A denúncia por corrupção de menores se dá porque há provas de que o grupo aliciou uma adolescente de 16 anos, para que a jovem executasse o tráfico e fizesse depósitos bancários.

O promotor de Justiça Marcelo Tubino ressalta a importância do trabalho desenvolvido em parceria com a Promotoria de Justiça do Alto Petrópolis e com a Polícia Civil – que tem apresentado boas investigações nessa área – e salienta que, vive-se, atualmente, com uma violência muito explícita em nossa sociedade, fragilizando o cidadão.
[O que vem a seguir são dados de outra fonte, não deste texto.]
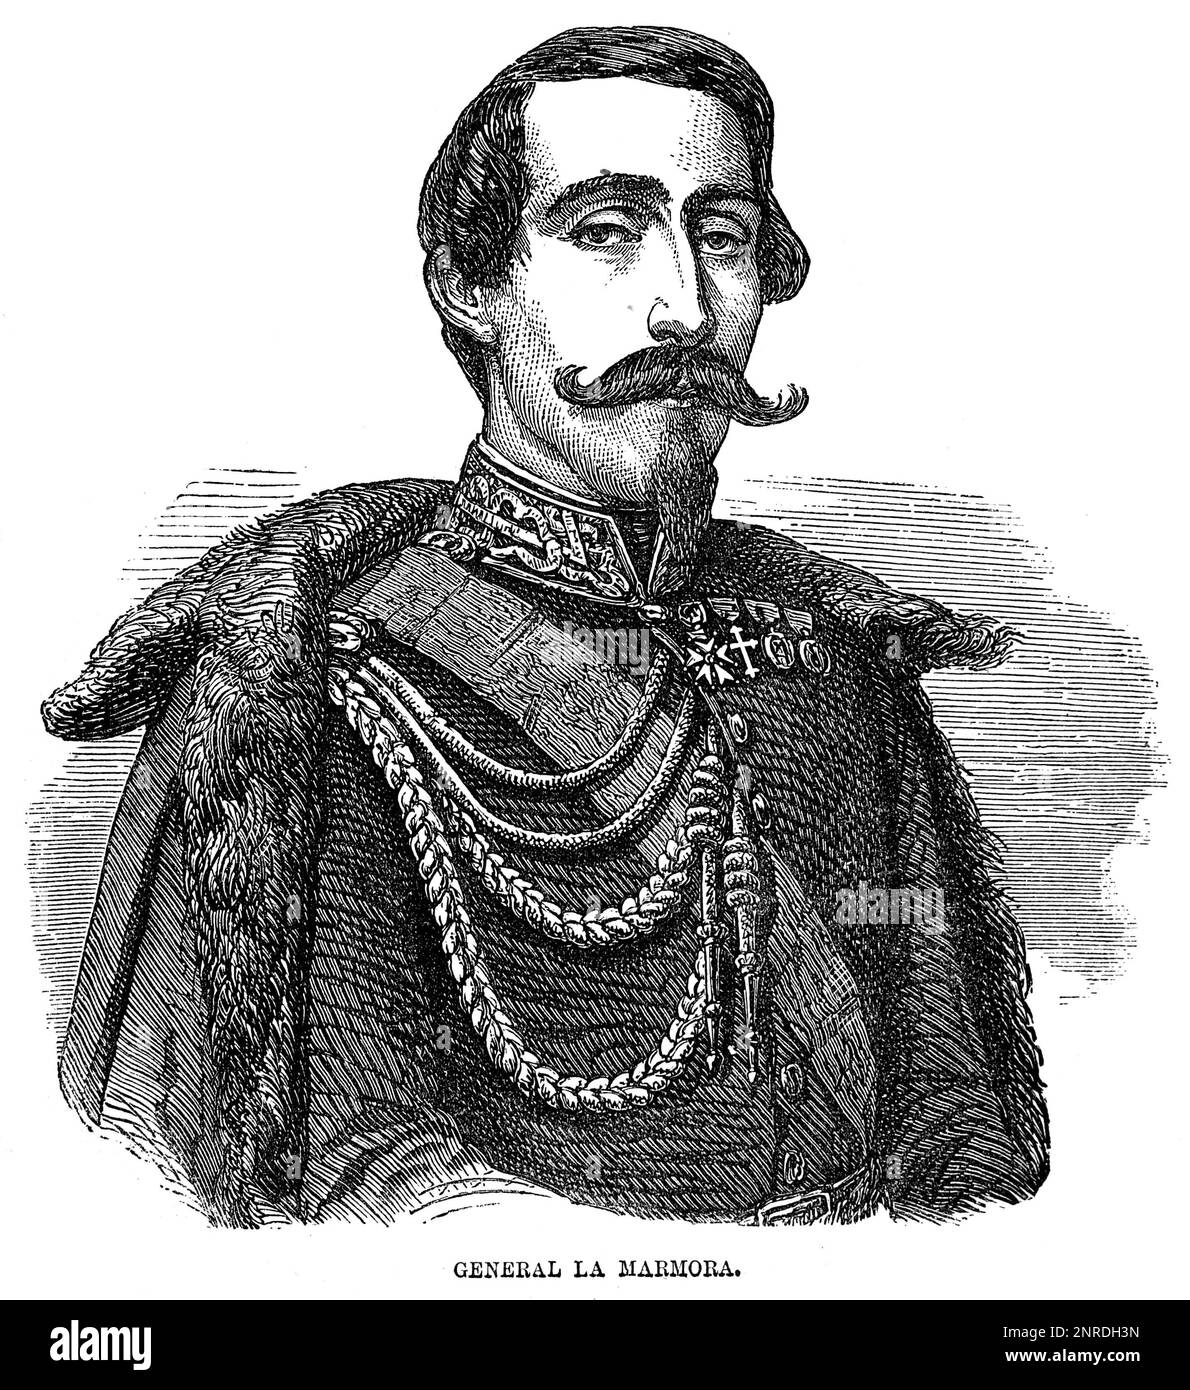 Porträt von General Alfonso Ferrero La Marmora (1804-1878), italienischem General und Staatsmann. Schwarzweiß-Illustration Stockfoto

“Temos gerações que tiveram de se privar de andar tranquilamente nas ruas. O MP, dentro daquilo de seu alcance, ciente da complexidade do problema, mediante investigações de lavagem e organização criminosa, vem apostando na descapitalização do criminoso, que o impulsiona à sequência de crimes, tentando melhorar esse quadro. Temos de mostrar ao criminoso que realmente o crime não pode compensar, privando-o da liberdade, mas, especialmente, afastando daquilo que ele sempre perseguiu: o lucro e a vantagem econômica”, conclui Tubino que salientou, também, a sensibilidade do poder judiciário na rapidez do exame dos pedidos cautelares e o trabalho em conjunto com os demais órgãos encarregados da persecução penal.